In the Dual Contracts, adopted on March 4, 1913, the Brooklyn Rapid Transit Company (BRT; after 1923, the Brooklyn–Manhattan Transit Corporation or BMT) was selected to operate a subway route from 14th Street in Manhattan to Montrose Avenue in Brooklyn. This became the 14th Street–Eastern District Line (later the Canarsie Line. In late 1915, the Public Service Commission began receiving bids for the construction of the 14th Street Line. MacArthur Brothers Co. had received a $1.336 million contract for the construction of section 5 in Brooklyn, which included a station at Grand Street, by June 1916. Organizations such as the Grand Street Board of Trade and the Grand Street Improvement Association were supportive of the project.

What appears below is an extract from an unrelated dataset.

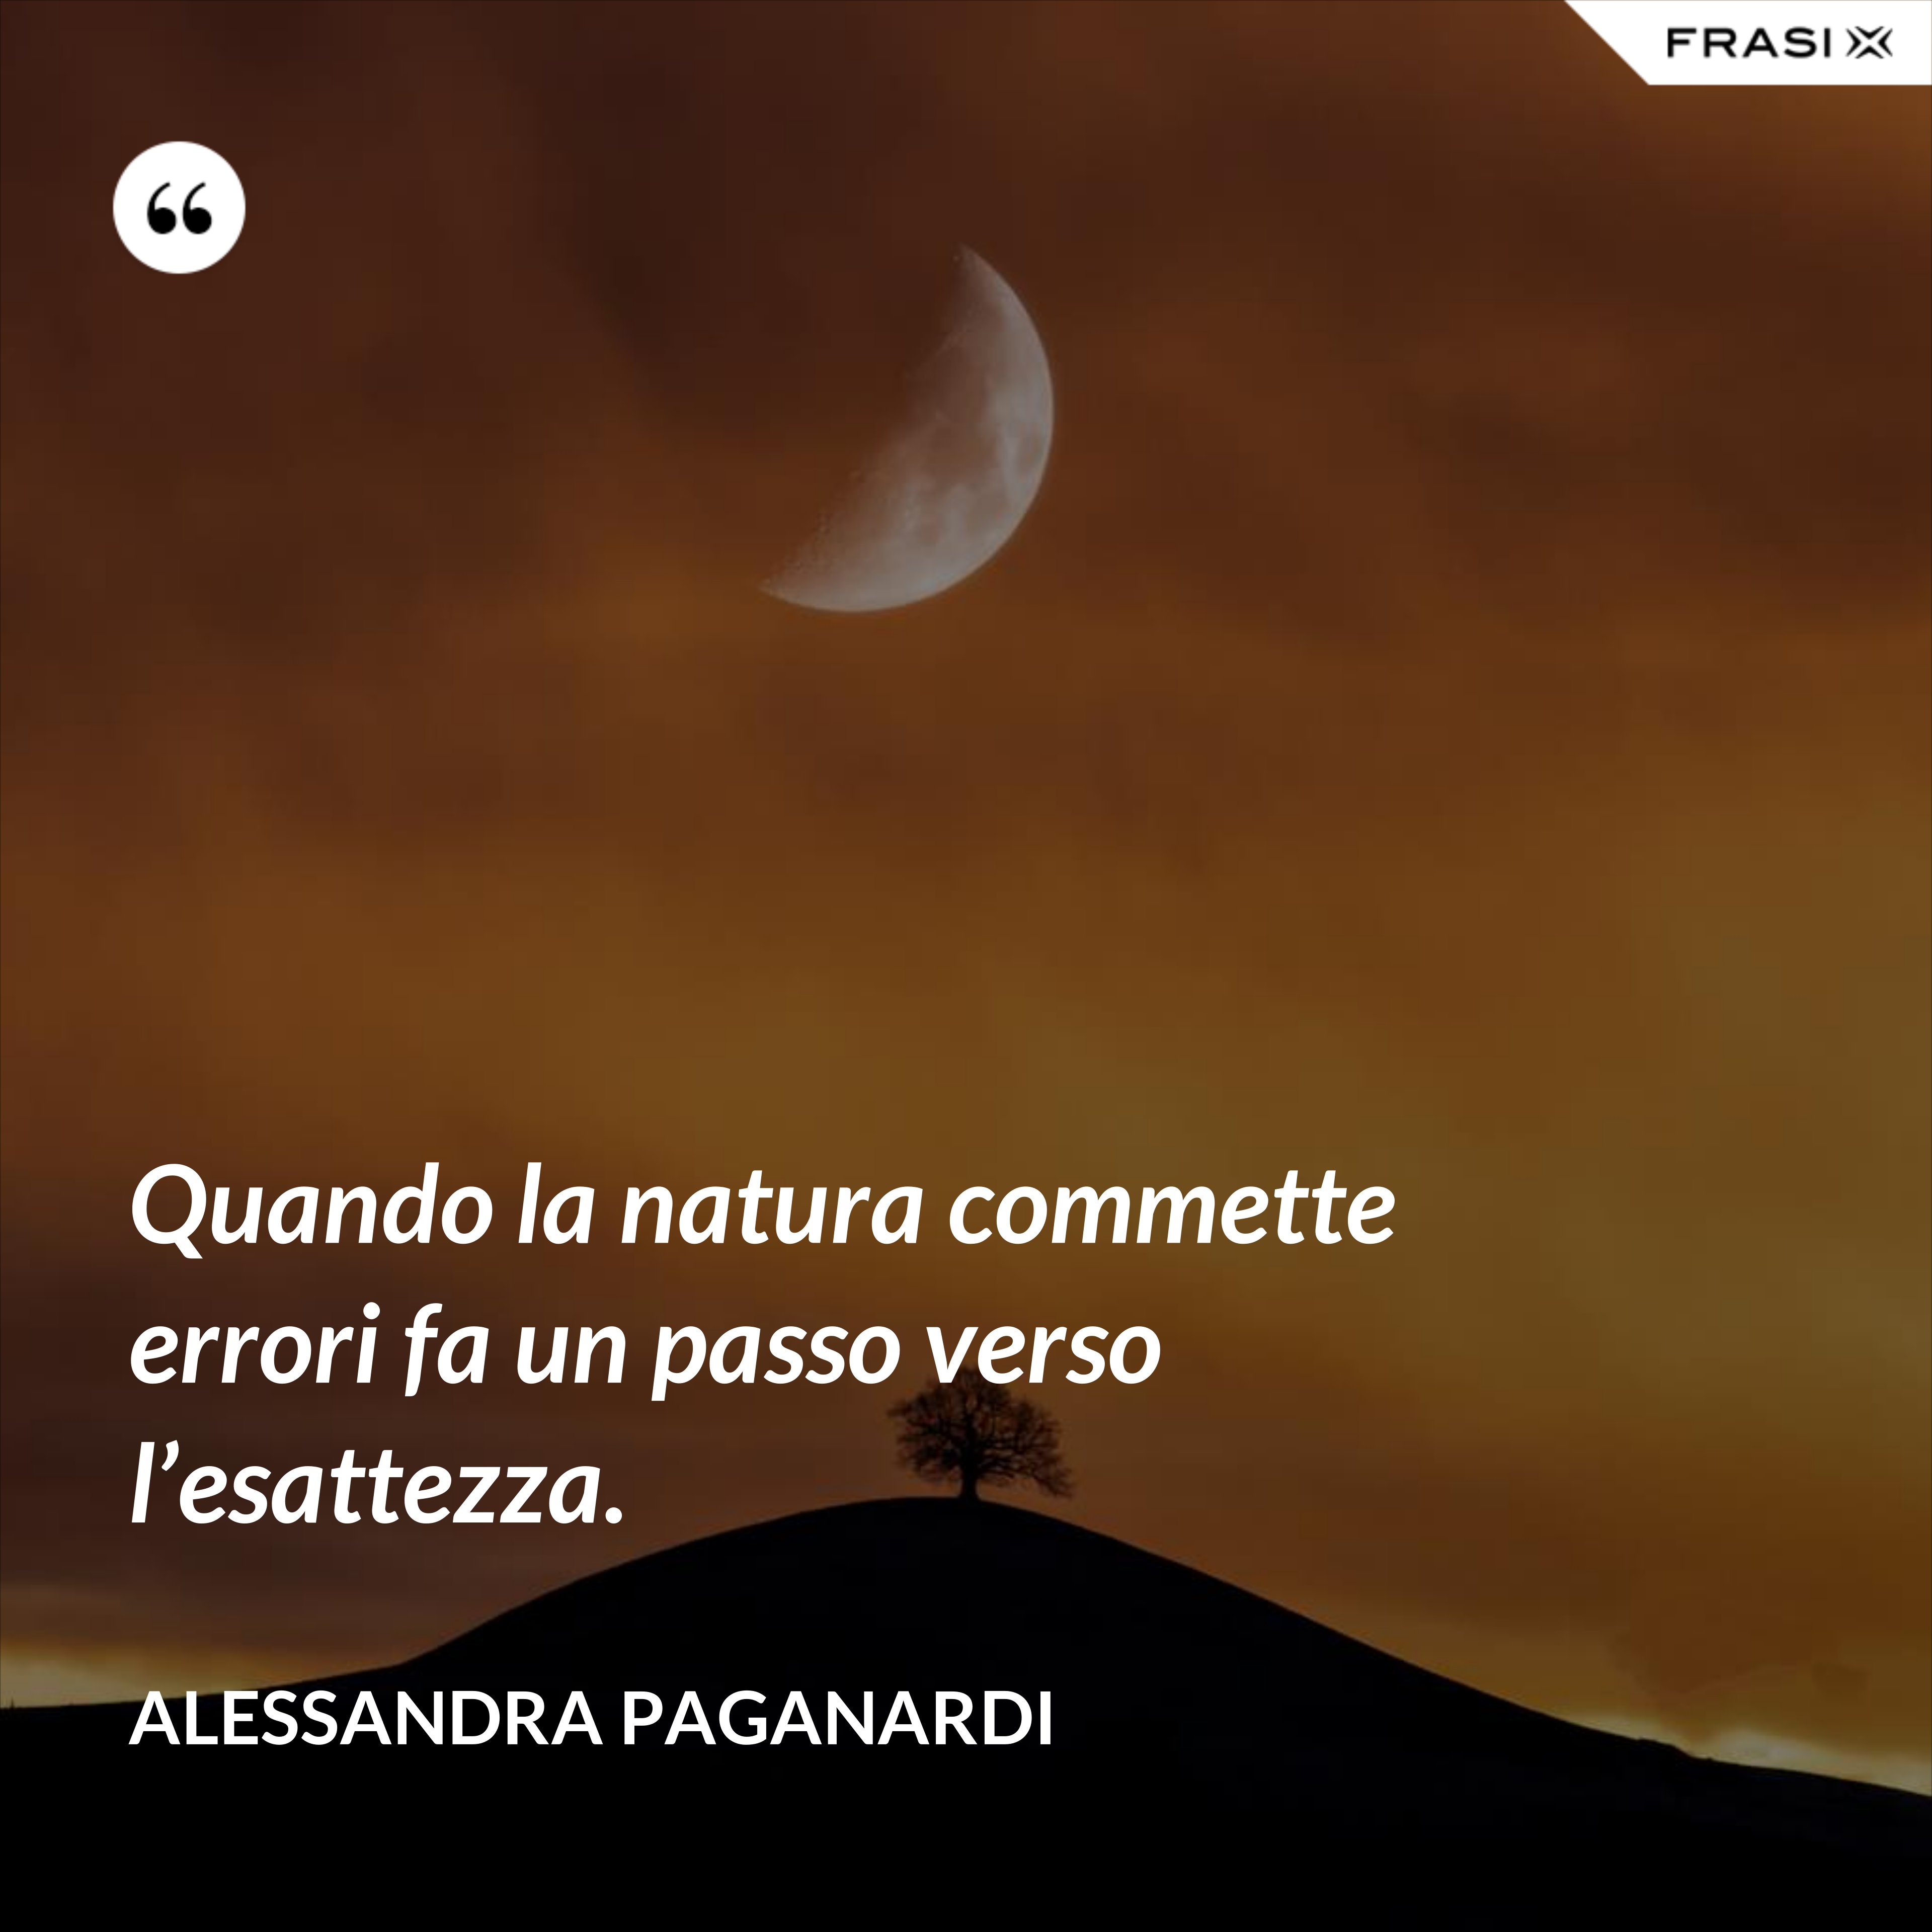 Quando la natura commette errori fa un passo verso l’esattezza. - Alessandra Paganardi
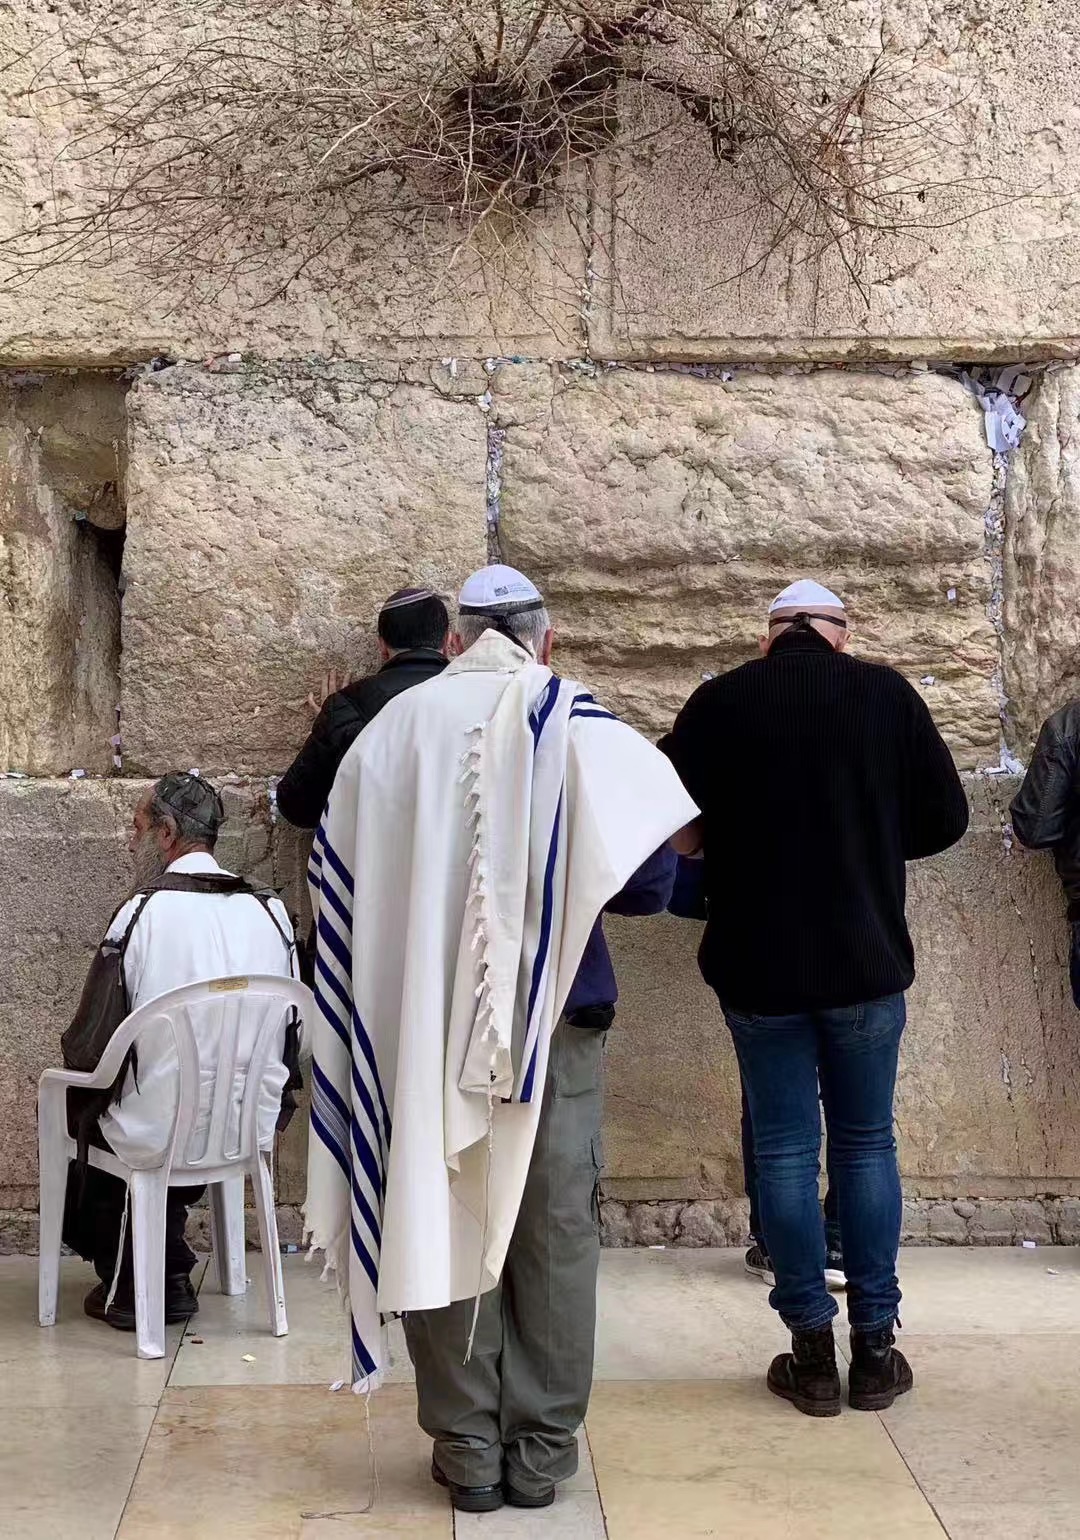 【携程攻略】耶路撒冷哭墙景点,这里是犹太人的精神圣地 哭墙下 在抽泣的犹太人身旁感受信…

The 14th Street Tunnel under the East River had been fully excavated by August 1919. The line's opening was delayed by several years. In 1922, Mayor John Francis Hylan blocked some construction contracts, claiming that the costs were excessively high. The Station Finish Corporation was contracted to build the stations in Brooklyn, including Grand Street. Track-laying in the tunnels between Sixth and Montrose Avenues started in the last week of October 1922. This station opened on June 30, 1924, as part of the initial segment of the Canarsie Line from the Sixth Avenue station in Manhattan to the Montrose Avenue station.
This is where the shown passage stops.